Who would think that as much juvenile pleasure that I derive from obsessing over my poo or that of my best friend, that this aspect of my job would be what bothers me? I prefer and am often proud of my own brand. I will fart in your general direction. But crap on yourself, and I am not happy to clean you.
What in the hell is wrong with me?
That's always the burning question, it seems. I ask myself this right now as I consider the new gouges in the side panel of my car. How in the hell am I so hard on cars? I have dents, scratches, a torn-off driver's side mirror, and now the gouges. In the parking lot near my current favorite Indian restaurant, someone slammed on their brakes in front of me and I swerved to avoid the other car coming at me from the left. In doing so, I went over the edge of a curb, but there had to be something on it larger than a curb. What else explains the three parallel gouges?
I must get this fixed. I have to fix it, but I don't know where I'll get the money to do it. I cannot just drive around with it like this. I should fix all the shit at once. It'll be cheaper to get parts from a junkyard; maybe I'll have them paint the whole thing a different color. Navy blue? Brown? I need new wheels and tires, too. I don't know how much longer I can make these last. Two of the rims were bent this time last year. All four probably are now. I haven't had the tires rotated once since I got them (this time last year). Time got ahead of me, I guess. Thinking about this makes me sick at my stomach.
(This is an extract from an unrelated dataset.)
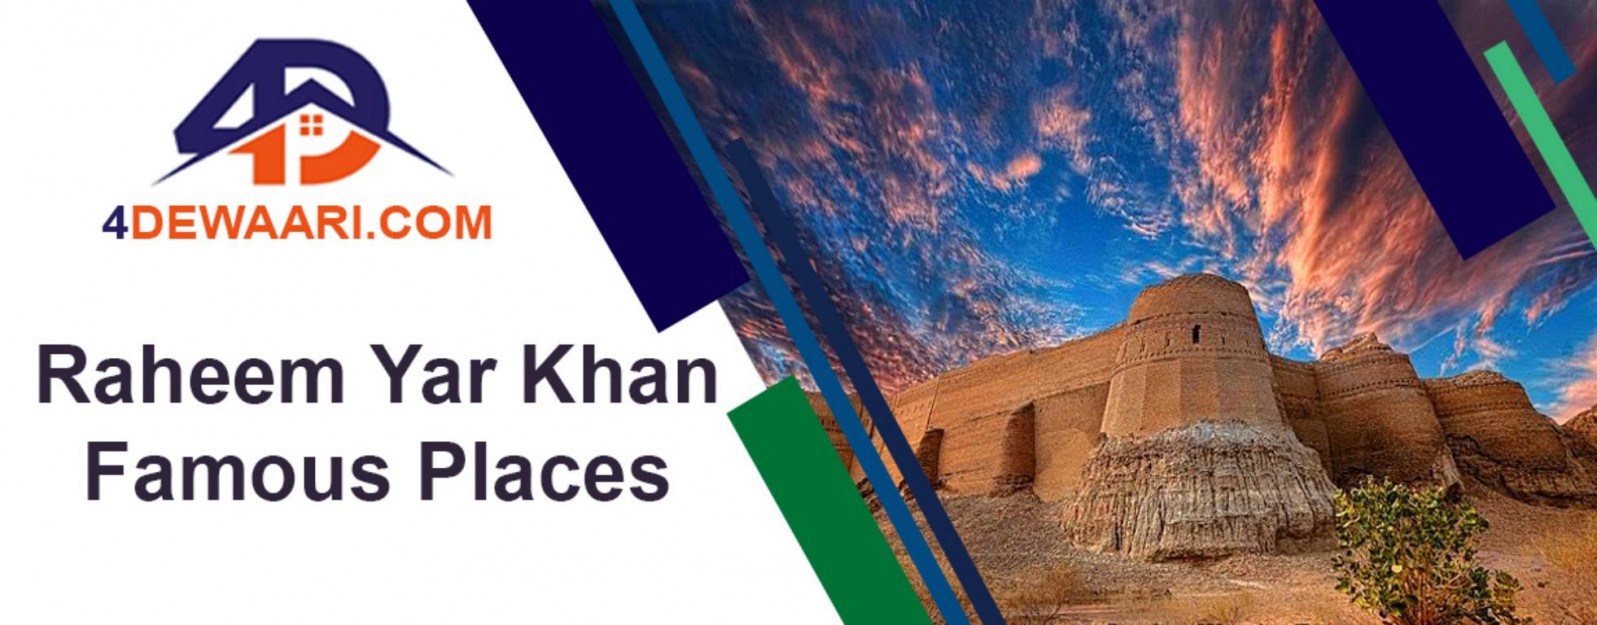 Raheem Yar Khan Famous Places to Visit in Every Season

If I weren't so fiscally irresponsible, I'd have the money to fix this. But I don't operate on credit, so there's no fixing it and charging it. I will not ask Mom & Dad. I won't ask anyone. I'll do this. I'll fix my car. I'll make it look pretty again. I have to keep it running - it's paid off and I want to keep it up for another four or five years.
I often hate my abode. The hotel is kind of run-down. Things don't always seem to work. But it's cheap, and it's clean. Staying here not only gives me time to find a place I really want to live, but allows me to save on things like electricity, internet, and cable. It's probably a little cheaper than I'd pay in rent in an apartment, too. I want to buy a laptop. I must fix my car. I would like to build up a cushion against times of slow work. It doesn't seem as bad when I think of it. A few thousand for a cushion, five hundred to a thousand for a laptop (I want a macbook)... how much could fixing the car cost? Tires and wheels will set me back around six hundred - I'm not buying top of the line, just going for decent. The body work would cost a thousand maybe?
I swing wildly between self-assurance and wild despair. I make enough money, theoretically, to do this just fine. But my history of fiscal irresponsibility reminds me to doubt myself. I'm not drinking anymore. I'm not off shopping. Okay, so I eat out a little too often. I can change that.